▶ DATASET EXTRACT
......
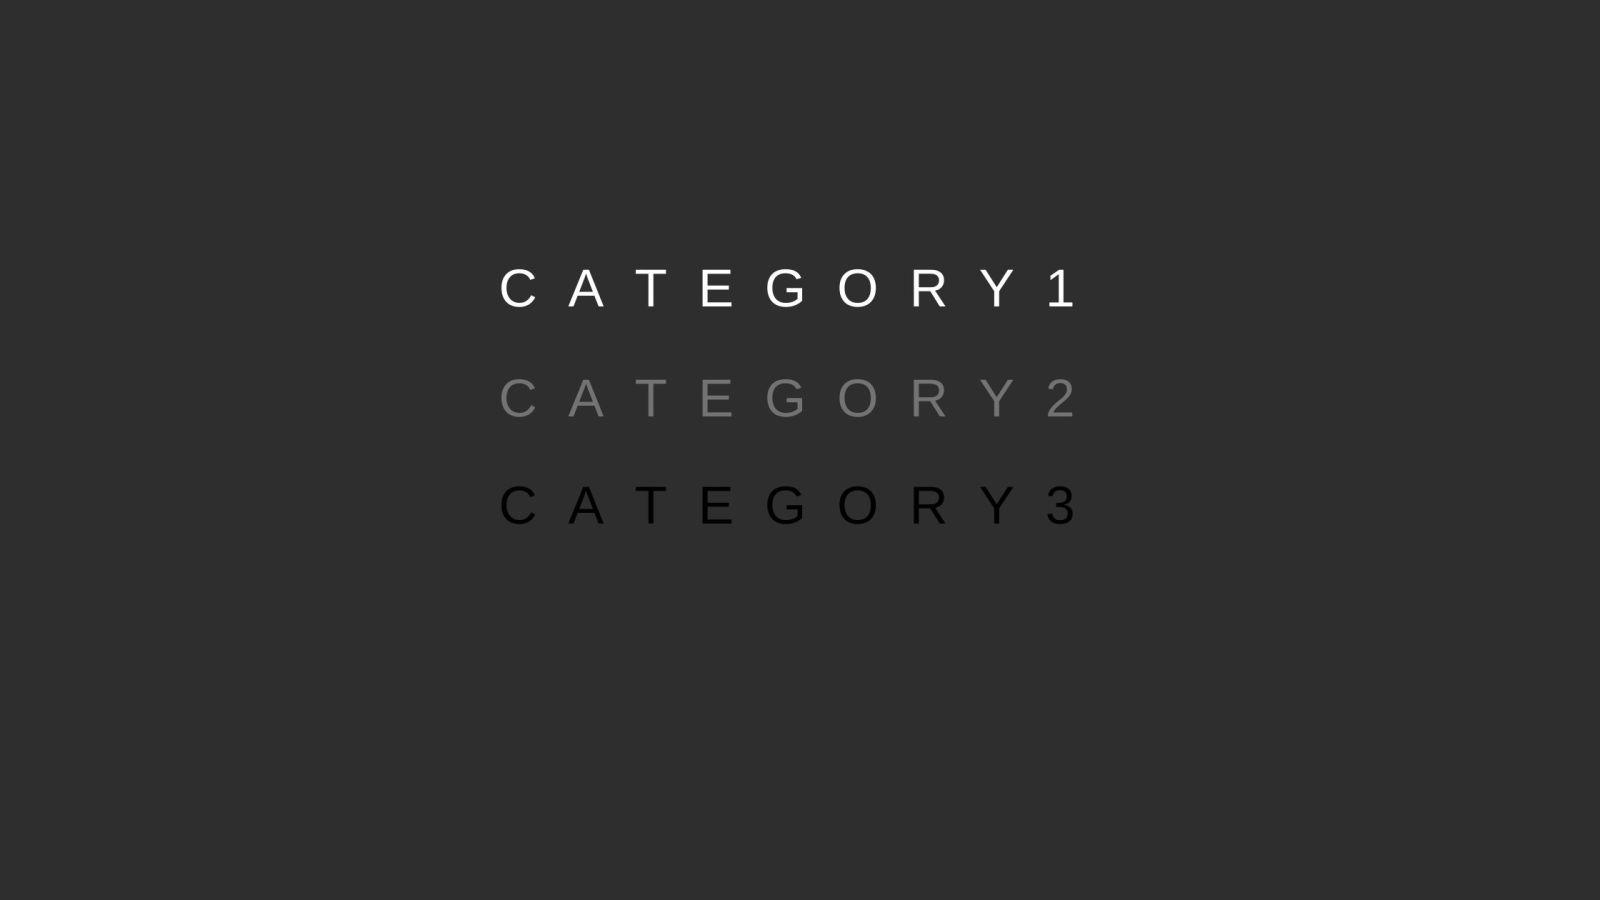 Как исключить некоторые категории с главной страницы WordPress
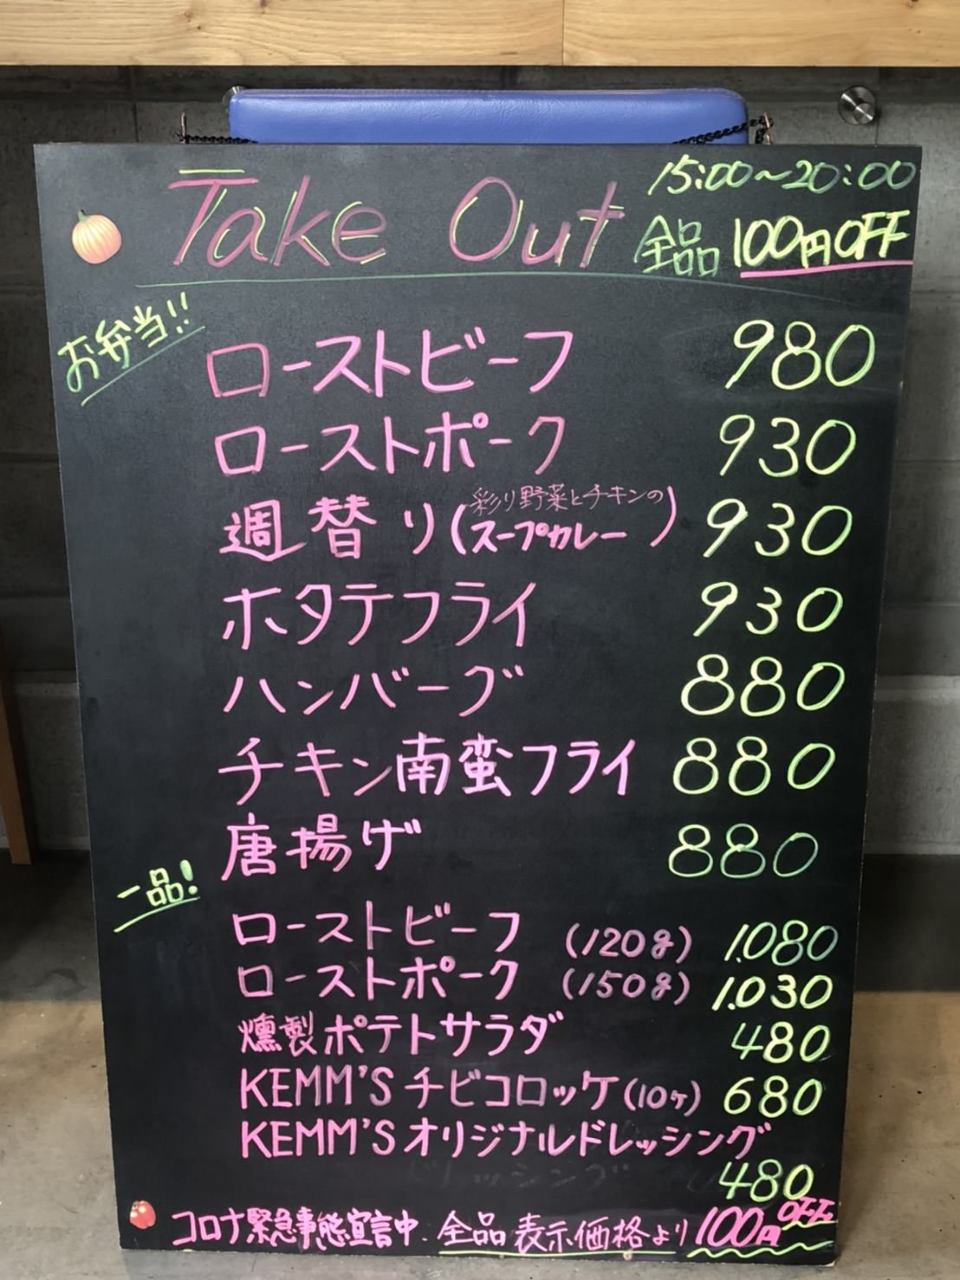 15時以降のテイクアウトご注文で全品100円OFF!
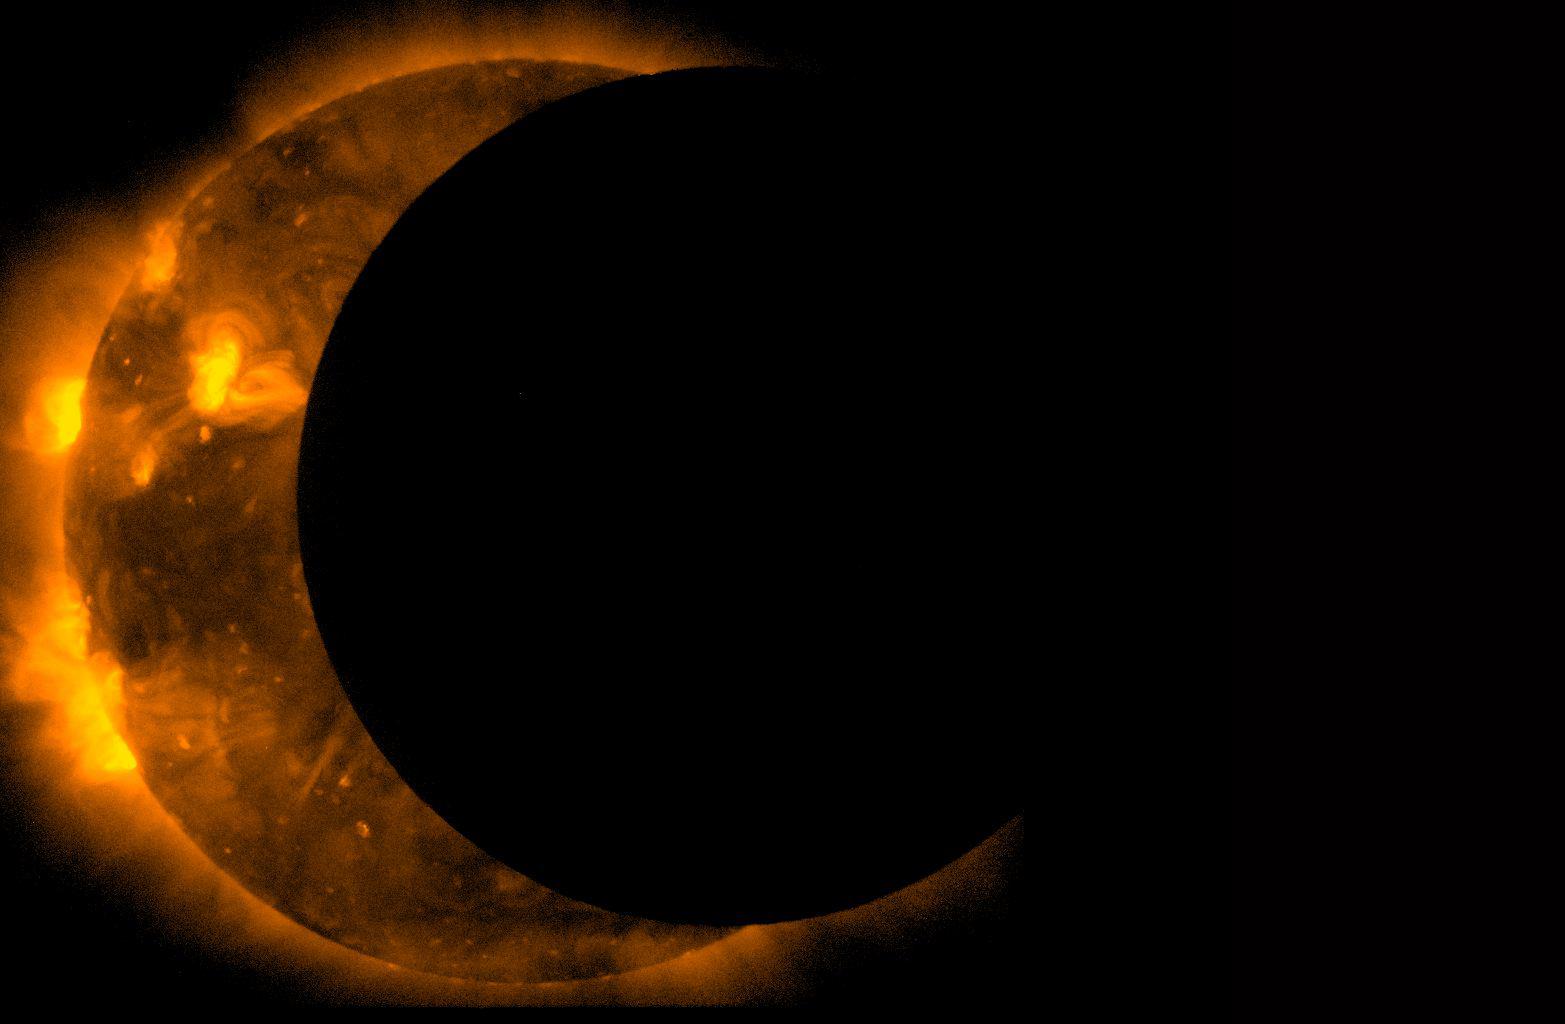 NASA image of partial solar eclipse. Photo/Nasa.gov
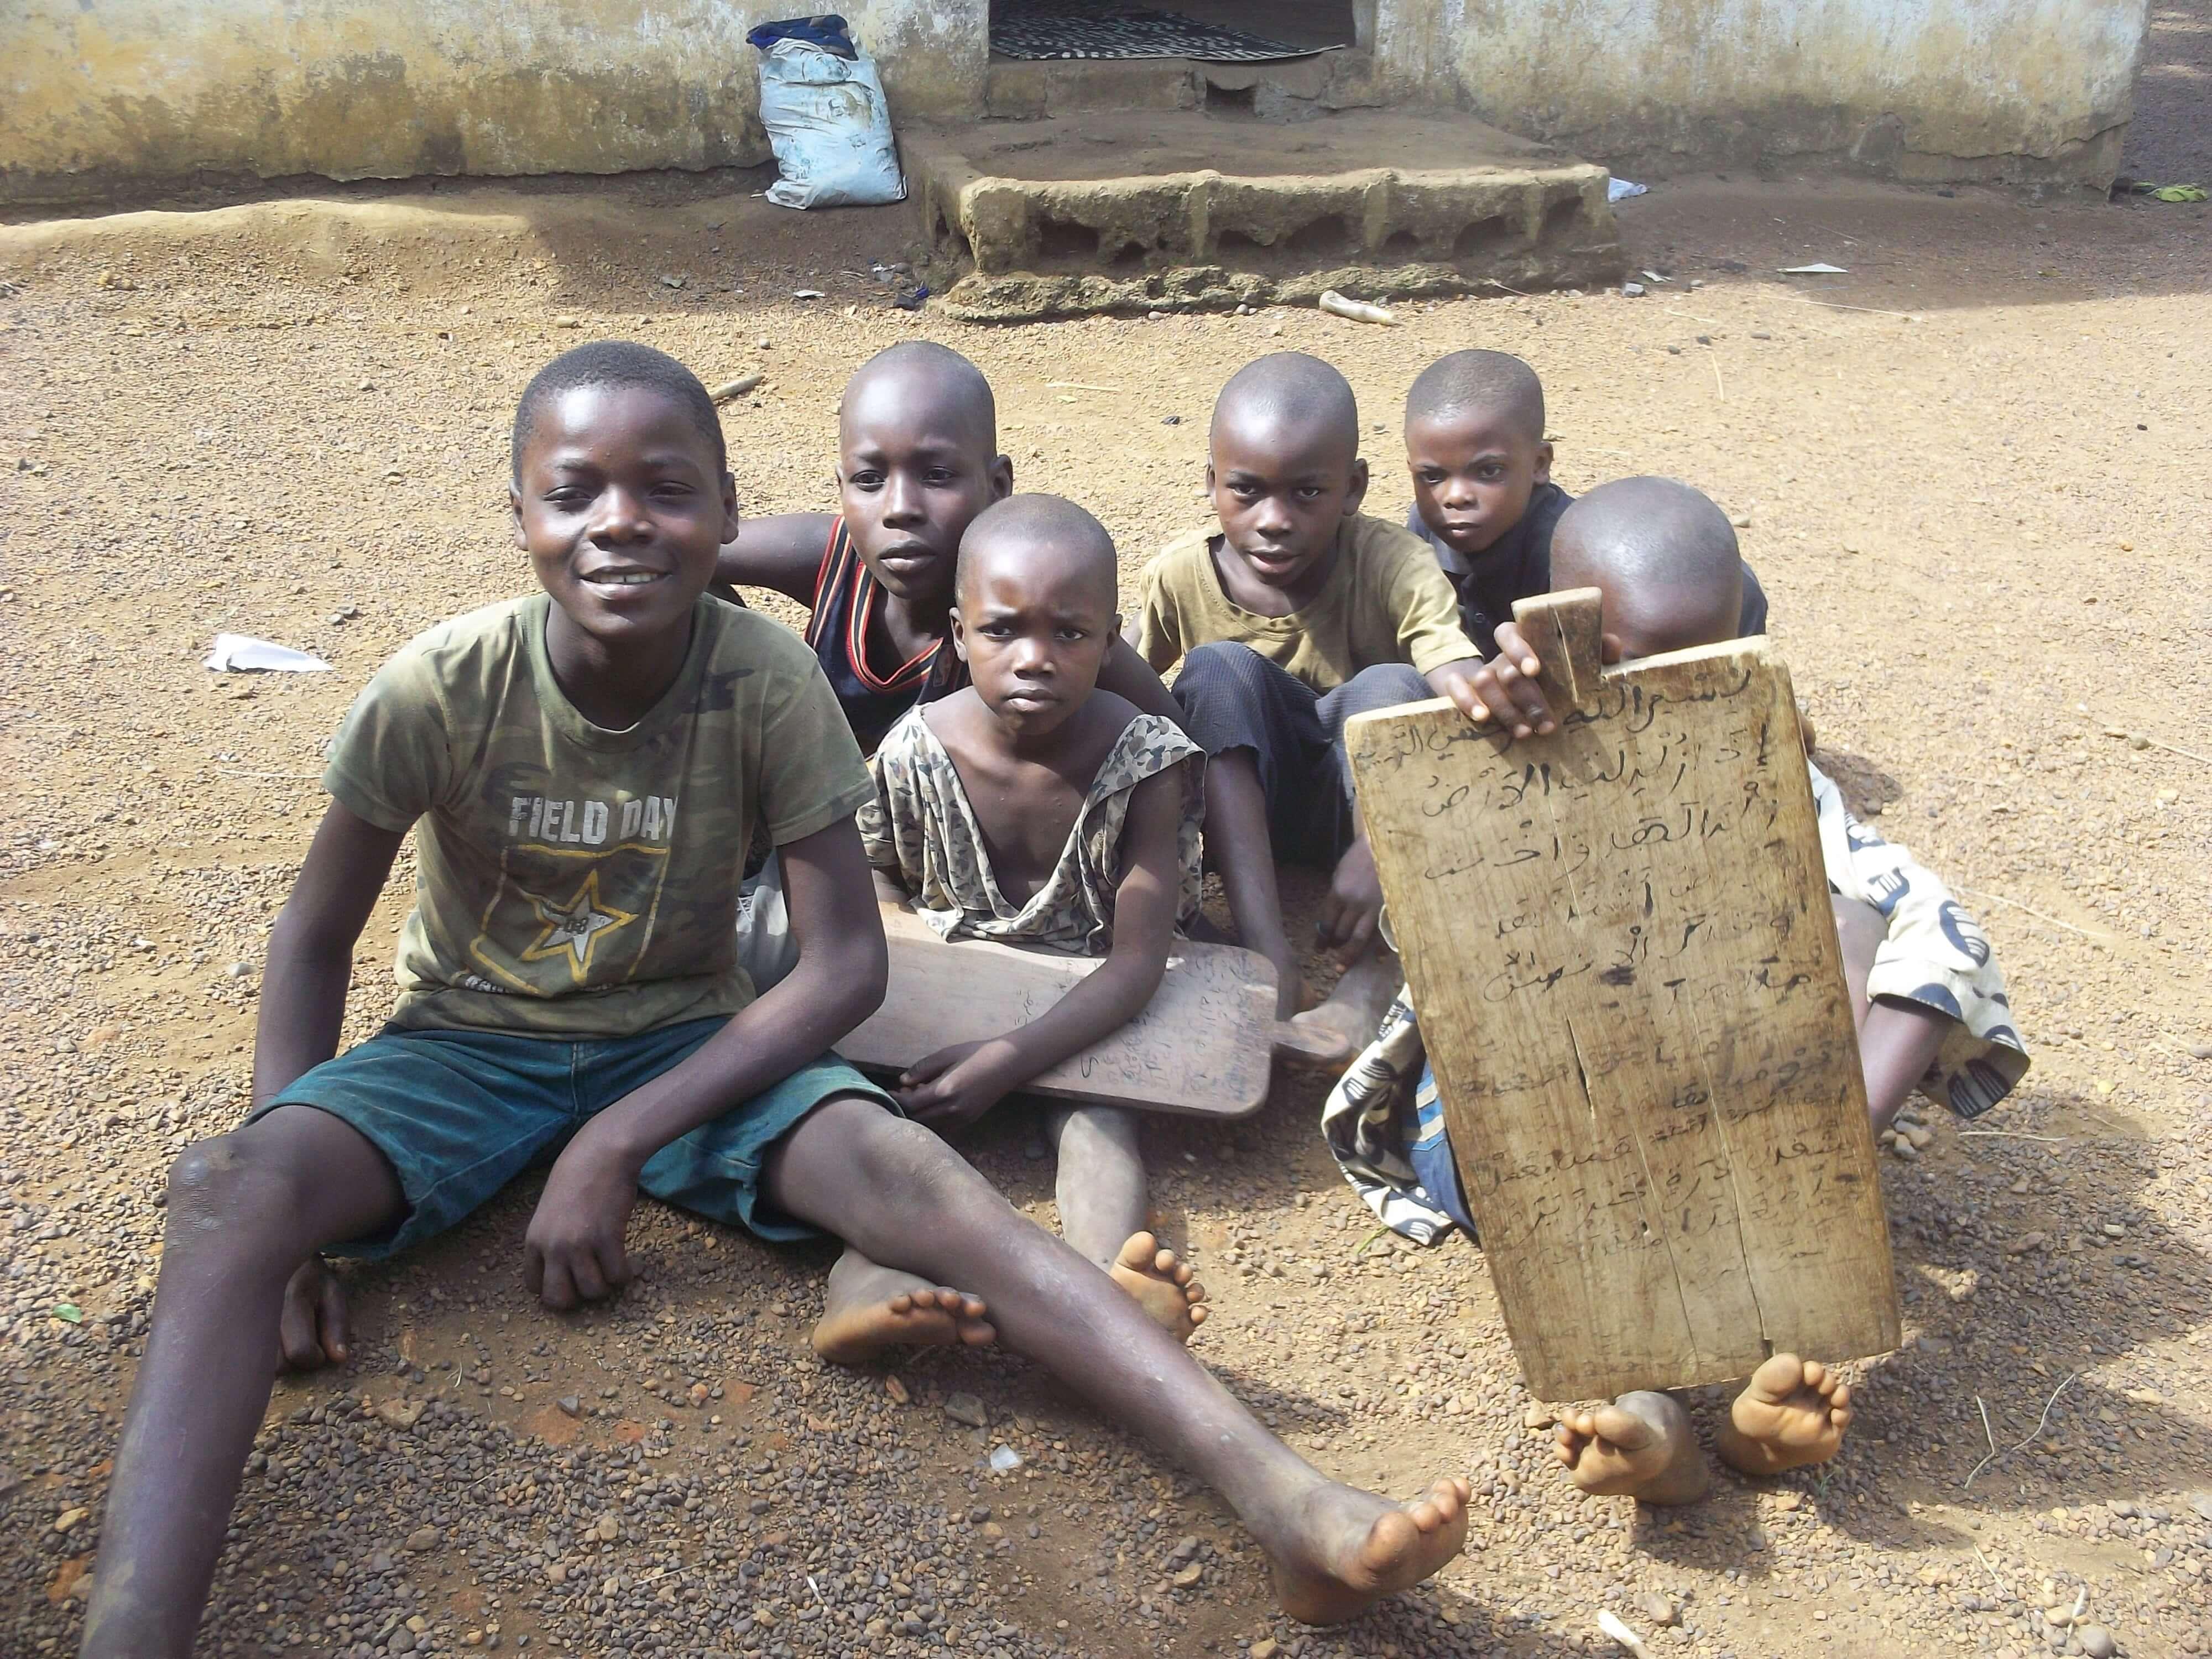 Sur le chemin retour on a croisé les enfants de l'école coranique
......
▶ REQUIREMENT
Take the lines from the one that contains "NASA image of" down to the last line of the listing above, both included, and set them down exactly, leaving out pictures.

▶ SOLUTION FOR THIS PROBLEM
 NASA image of partial solar eclipse. Photo/Nasa.gov
 Sur le chemin retour on a croisé les enfants de l'école coranique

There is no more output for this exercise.